Mapping class groups of covers with boundary and braid group embeddings

TL;DR

This paper classifies when liftable and symmetric mapping class groups of surface covers coincide with the full group, and constructs new non-geometric braid group embeddings into mapping class groups using Dehn twists.

Contribution

It provides a classification of when certain subgroups of mapping class groups equal the entire group and introduces novel non-geometric braid embeddings via Dehn twists.

Findings

Classification of when liftable and symmetric mapping class groups equal the full group

Construction of infinite families of non-geometric braid embeddings

Use of Birman-Hilden theorem and fundamental groupoid actions

Abstract

We consider finite-sheeted, regular, possibly branched covering spaces of compact surfaces with boundary and the associated liftable and symmetric mapping class groups.
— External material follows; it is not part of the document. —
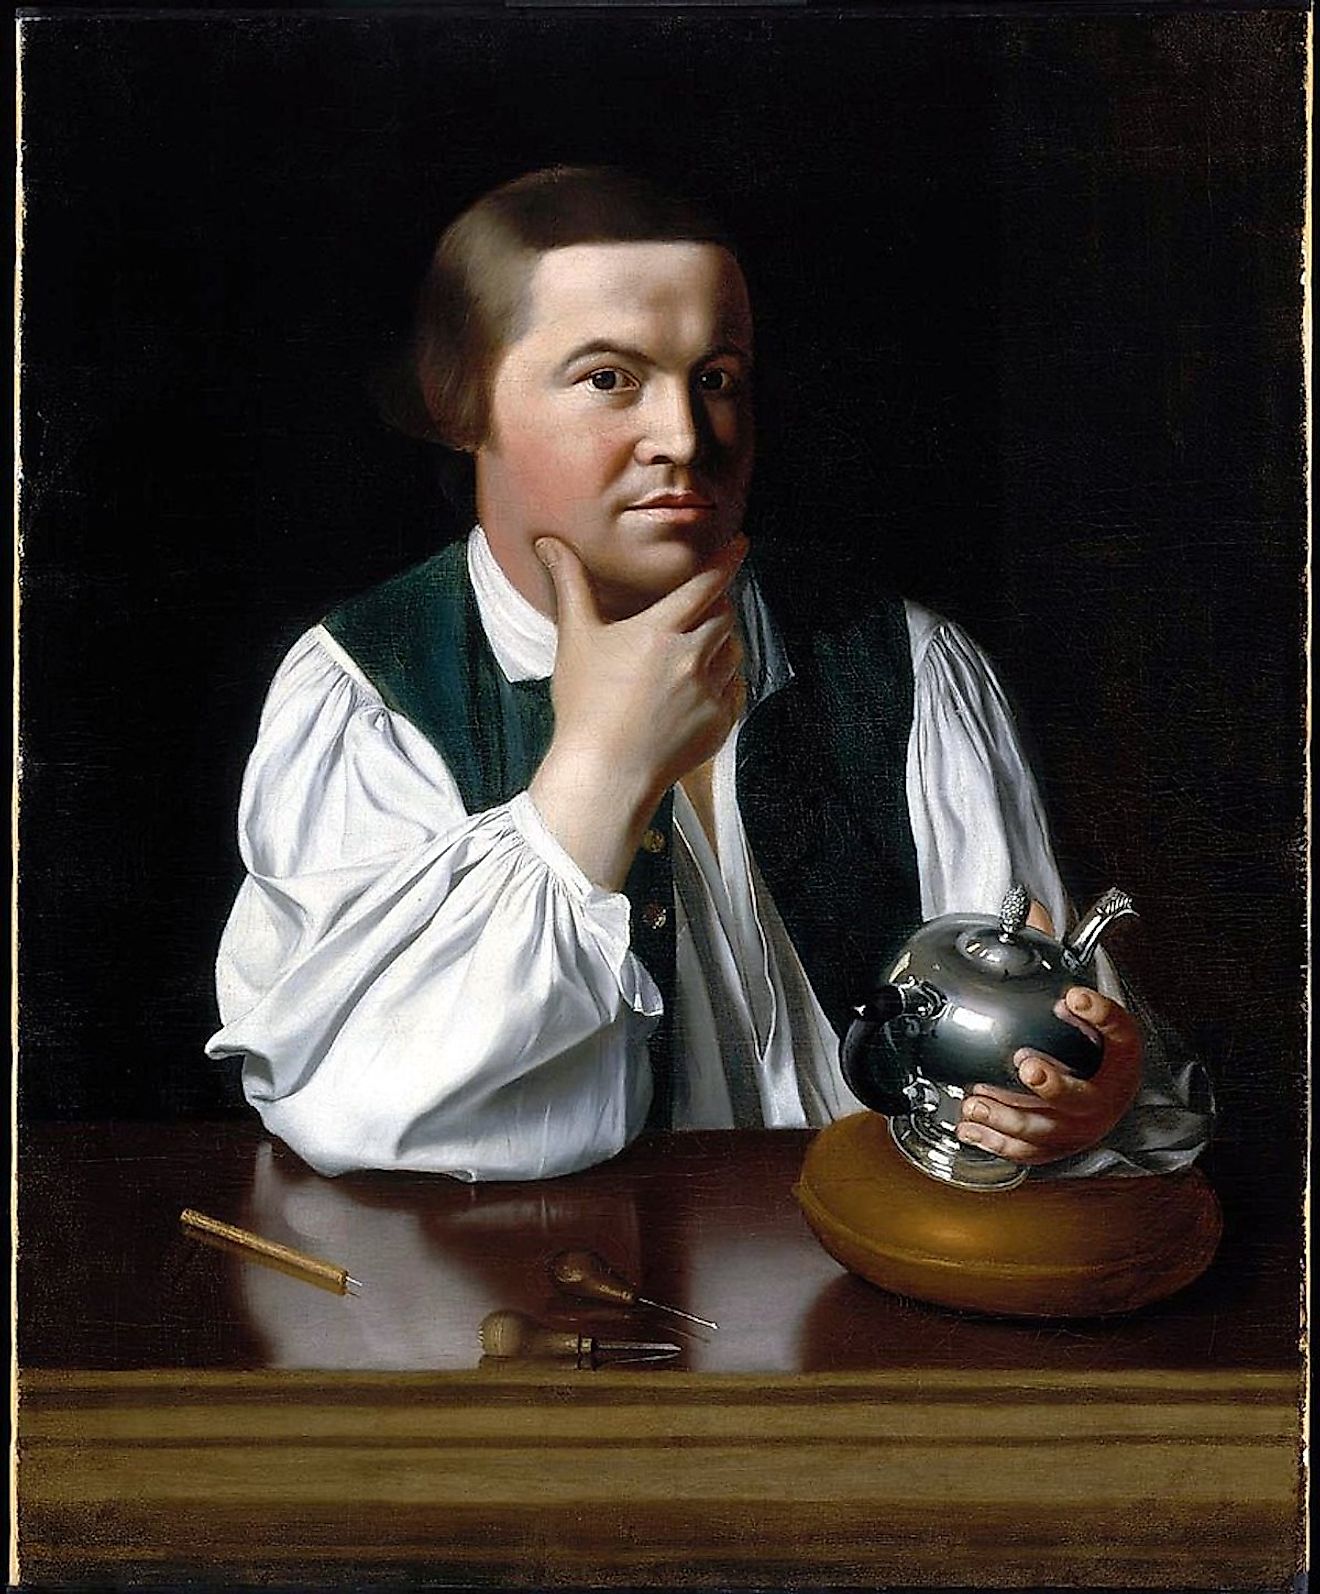 A portrait of Paul Revere. Image credit: John Singleton Copley/Public domain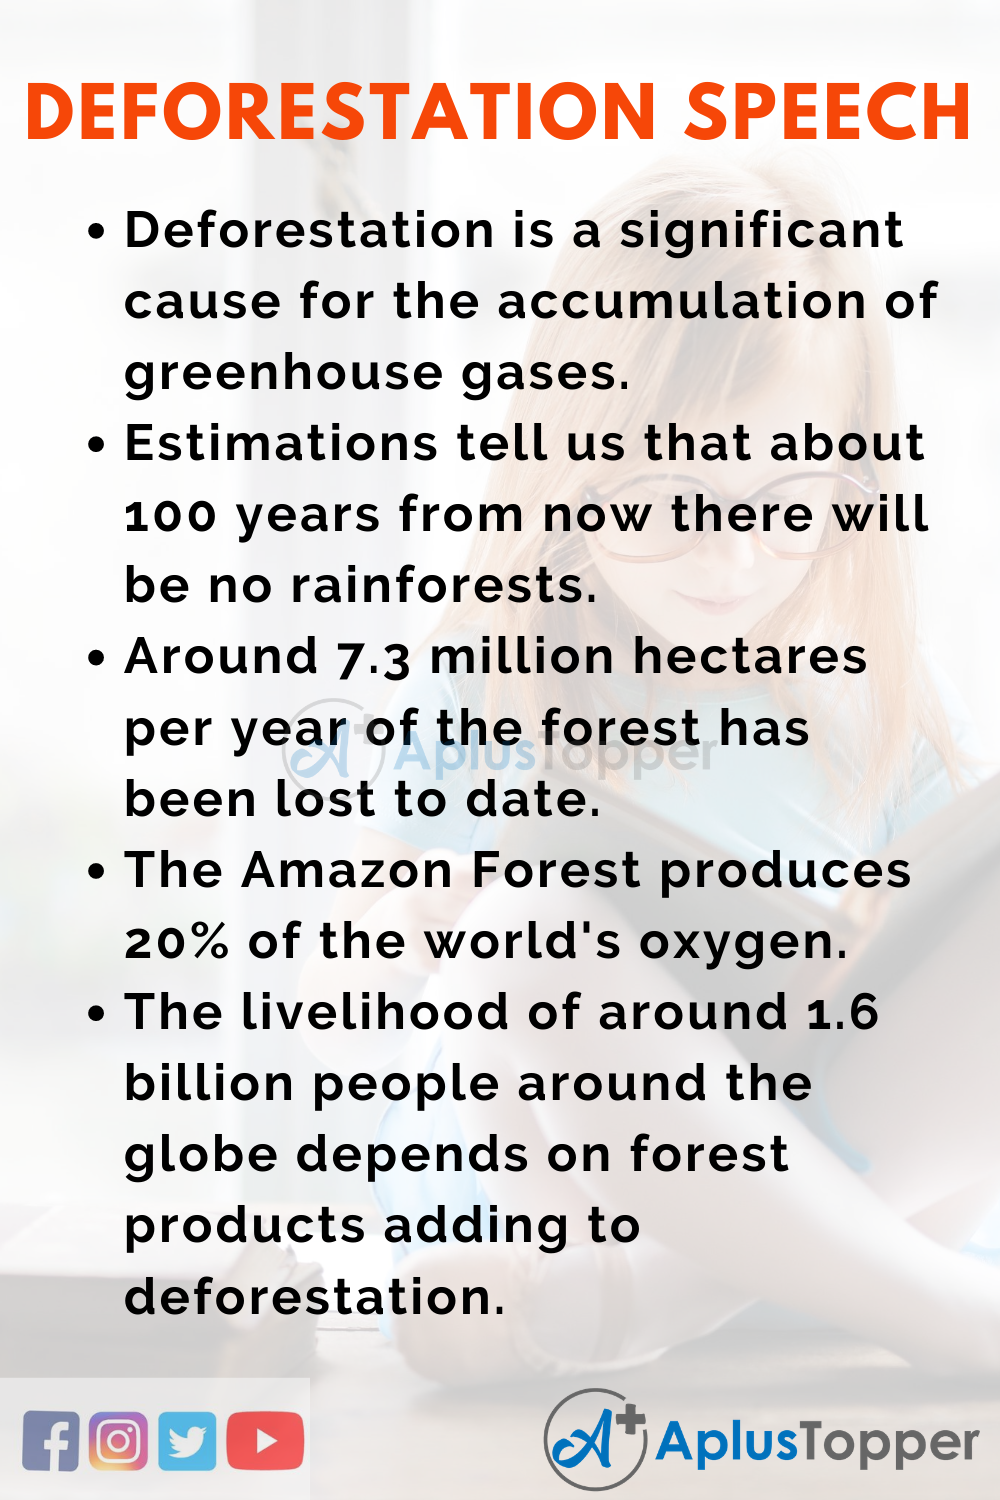 Short Speech On Deforestation 150 Words In English

In particular, we classify when either of these subgroups coincides with the entire mapping class group of the surface. As a consequence, we construct infinite families of non-geometric embeddings of the braid group into mapping class groups in the sense of Wajnryb. Indeed, our embeddings map standard braid generators to products of Dehn twists about curves forming chains of arbitrary length. As key tools, we use the Birman-Hilden theorem and the action of the mapping class group on a particular fundamental groupoid of the surface.